Dataset excerpt:
-=-=-
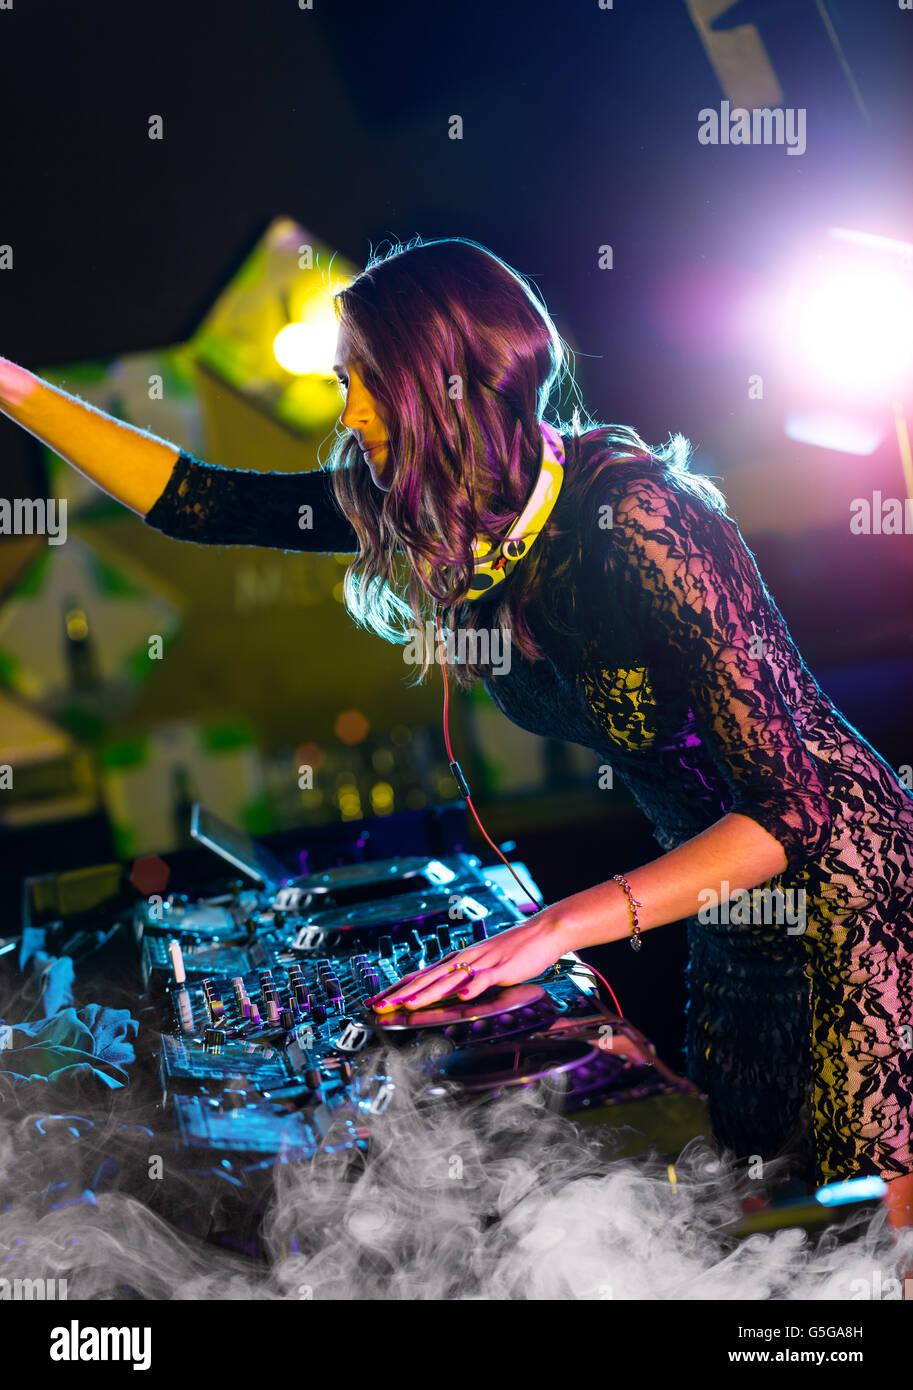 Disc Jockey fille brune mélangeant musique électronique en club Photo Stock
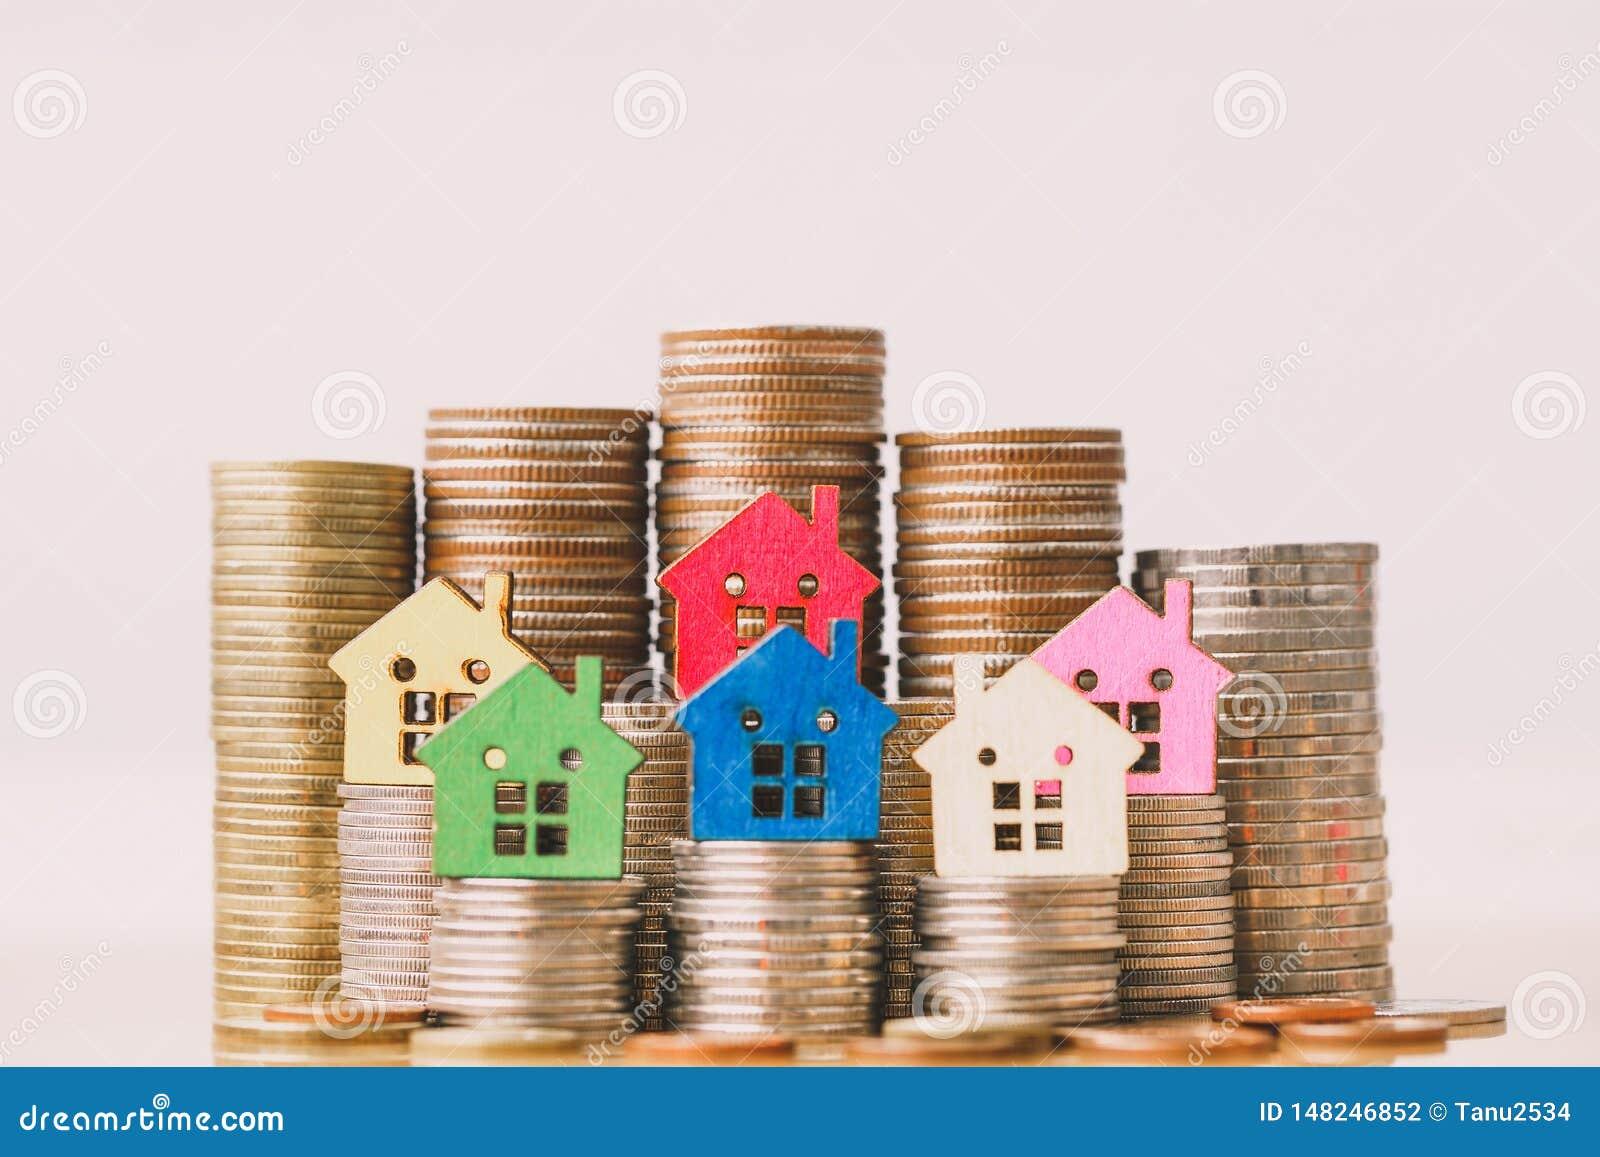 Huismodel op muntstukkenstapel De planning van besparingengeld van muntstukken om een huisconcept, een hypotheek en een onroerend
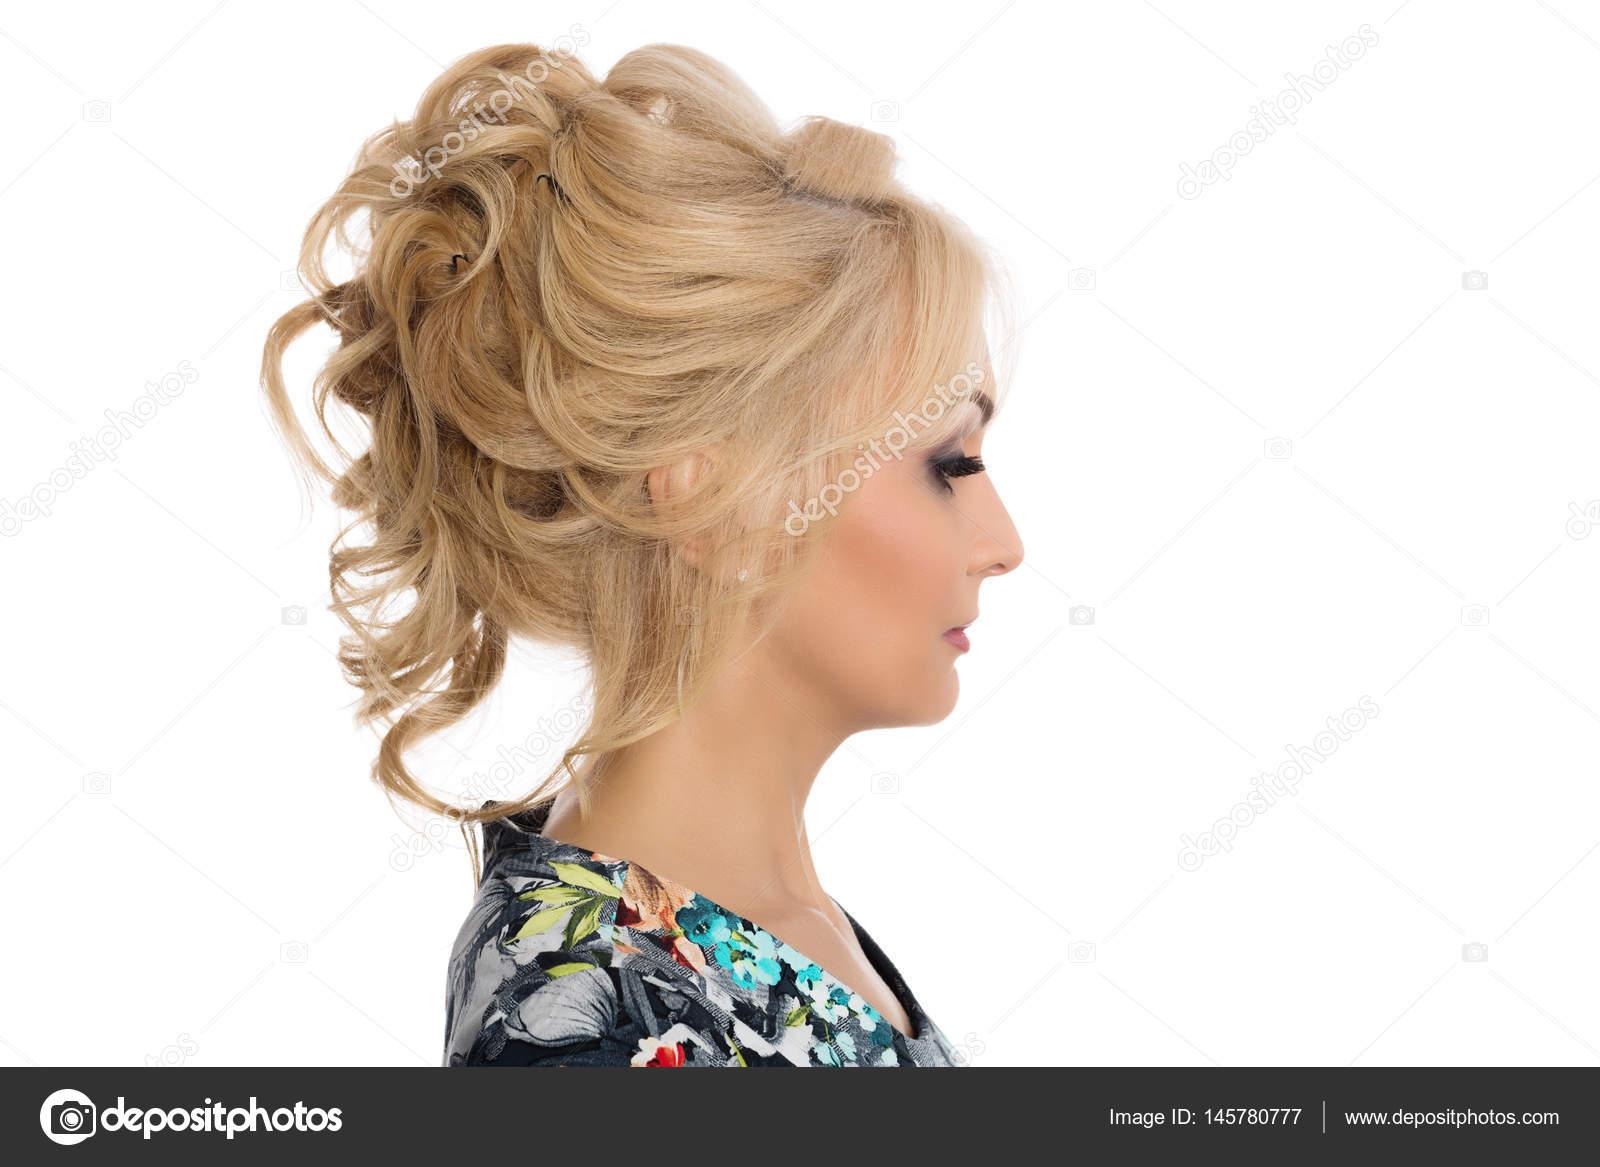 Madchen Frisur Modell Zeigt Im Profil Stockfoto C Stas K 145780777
-=-=-
Task:
Ignoring the pictures, write out word for word the lines from the line containing "Huismodel op muntstukkenstapel" through the end of the material above.

Task answer:
 Huismodel op muntstukkenstapel De planning van besparingengeld van muntstukken om een huisconcept, een hypotheek en een onroerend
 Madchen Frisur Modell Zeigt Im Profil Stockfoto C Stas K 145780777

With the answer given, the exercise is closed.